Dr. Robert Cialdini has a concept called “what is focal is causal” meaning that what people see is what they perceive and internalize as important or significant. If people are giving you a low score on your financial management ability, they perceive you as lazy, or looking for ways to get out of work, or as someone who spends money recklessly; no matter which way they perceive it, they end up realizing that you shouldn’t be trusted with a budget.

Before getting your results on a 360-Degree Assessment, you may think others aren’t noticing, or that others in the company are way more wasteful than you. However, clearly in the perception of your colleagues, that is not the case and you have been put on notice.

You rated yourself highly

If you rated yourself high on your financial management abilities but your colleagues gave you a low or moderate score, it indicates that you aren’t as strong of a financial manager (in the perspective of your team) as you think you are.

This typically stems from a lack of communication. If you manage a budget and your team sees you spending money on things that seem lavish and unnecessary (from their perspective), this can cause them to feel like you aren’t managing your company’s finances appropriately. This feeling is magnified if they feel underpaid while seeing this. If you don’t manage a budget and your team gave you a low or moderate financial management score, it means that they don’t believe that you spend your time at work effectively or that you are overpaid for your work. If salaries aren’t public information, people make assumptions for income based on your lifestyle, and if your lifestyle appears to be better than others, especially if they see you doing the same or less work than them, they will notice.

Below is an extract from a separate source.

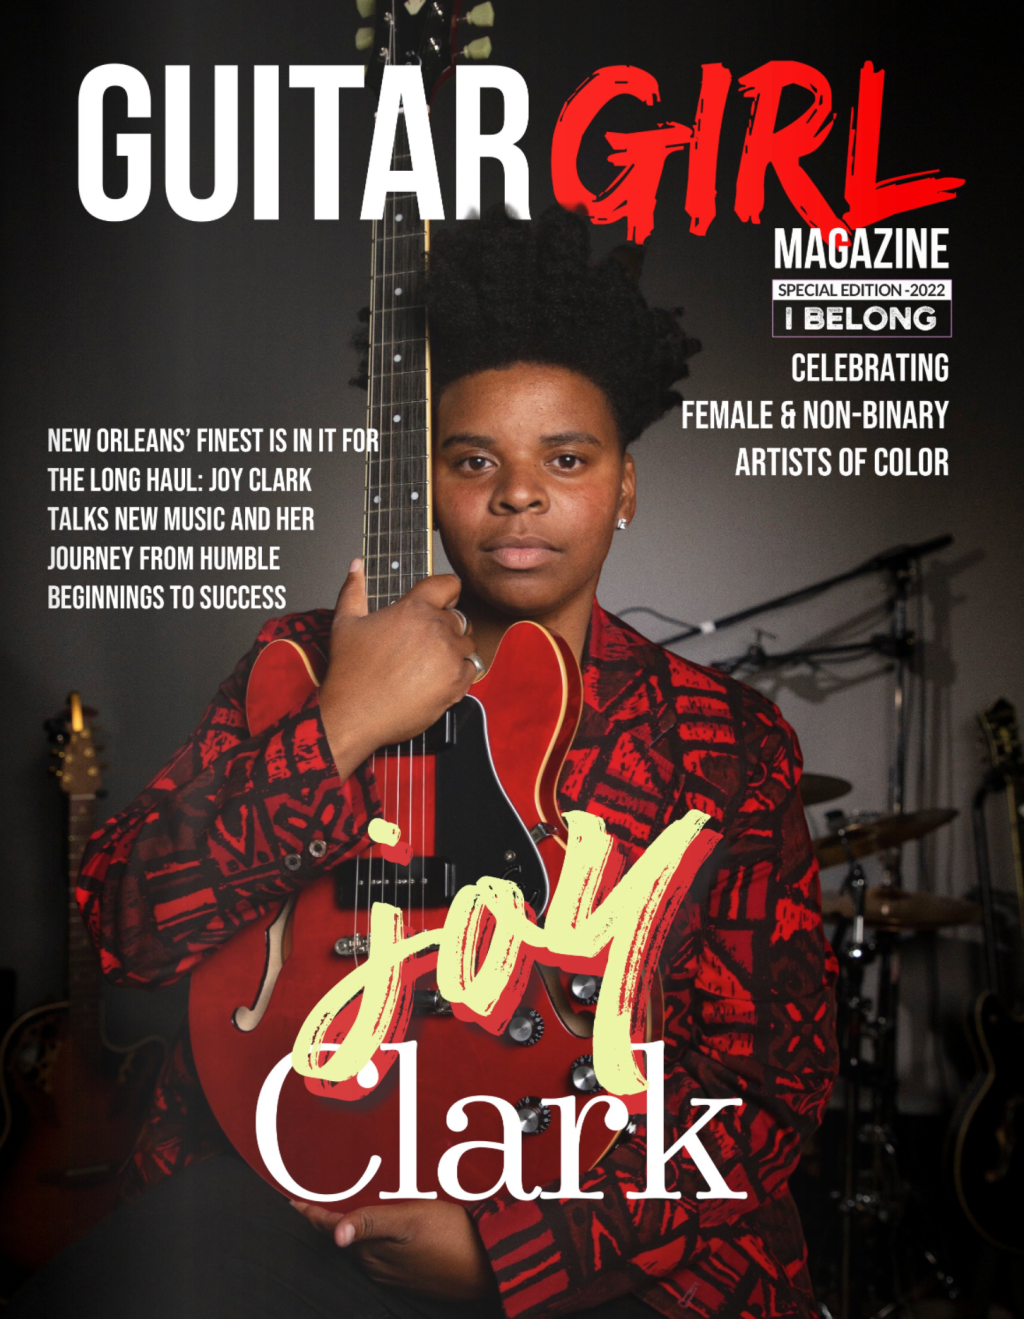 FEATURE: Guitar Girl Magazine’s latest issue “I Belong: Celebrating Female & Non-Binary Artists of Color”

If people at your work are staying late and getting in early, and meanwhile they see you working the base 9 to 5, then that may cause them to become frustrated. They might think that either you are lazy, or that you are expecting more from them than is fair. What they may not realize is that your work responsibilities might be deeply analytical and have a compounding impact on the business, or they might not see the parts of your job that take place outside the office. For example, some work directly correlates time with output – essentially the company can get a certain number of tasks done by an employee for every hour they are at work; this is called linear productivity. On the other hand, there is work that, with intentional deep thinking, has an exponential impact on output in shorter bursts, but with increasingly marginal returns over a long period of time; this is called exponential productivity. Not every job has the same types of tasks and productivity needs; but without your open communication with your team, you can end up looking like a slacker. 

The point is that until the truth is communicated to those you work with, they will form assumptions to fill in the gaps as to why things are happening the way that they are. Unfortunately, many of these assumptions are negative.

The best thing you can do to improve your financial management abilities, both for you and for how your team perceives you, is to communicate and learn. New innovations are constantly happening to make our work more efficient and effective. If we are open to learning about these tools and resources, we can ensure we are up to date on what needs to be done to be most effective at work – both for managing a budget and managing our time at work. Communicating effectively to those we work with allows them to know how we are spending our budget and our time. The more we can loop our team in on budget decisions and decisions about how to best spend our time, the more aware they will be as to what we are doing and how that is impacting the business. The best-run companies did not end up that way by accident; they intentionally fostered a company culture of honesty, hard work, and accountability from the top down and that pays dividends when everyone is brought into the fold.

In essence, overestimating your abilities in these categories does not mean that you will forever be this way, but it does mean that there are opportunities for growth that you must tap into if you would like to improve.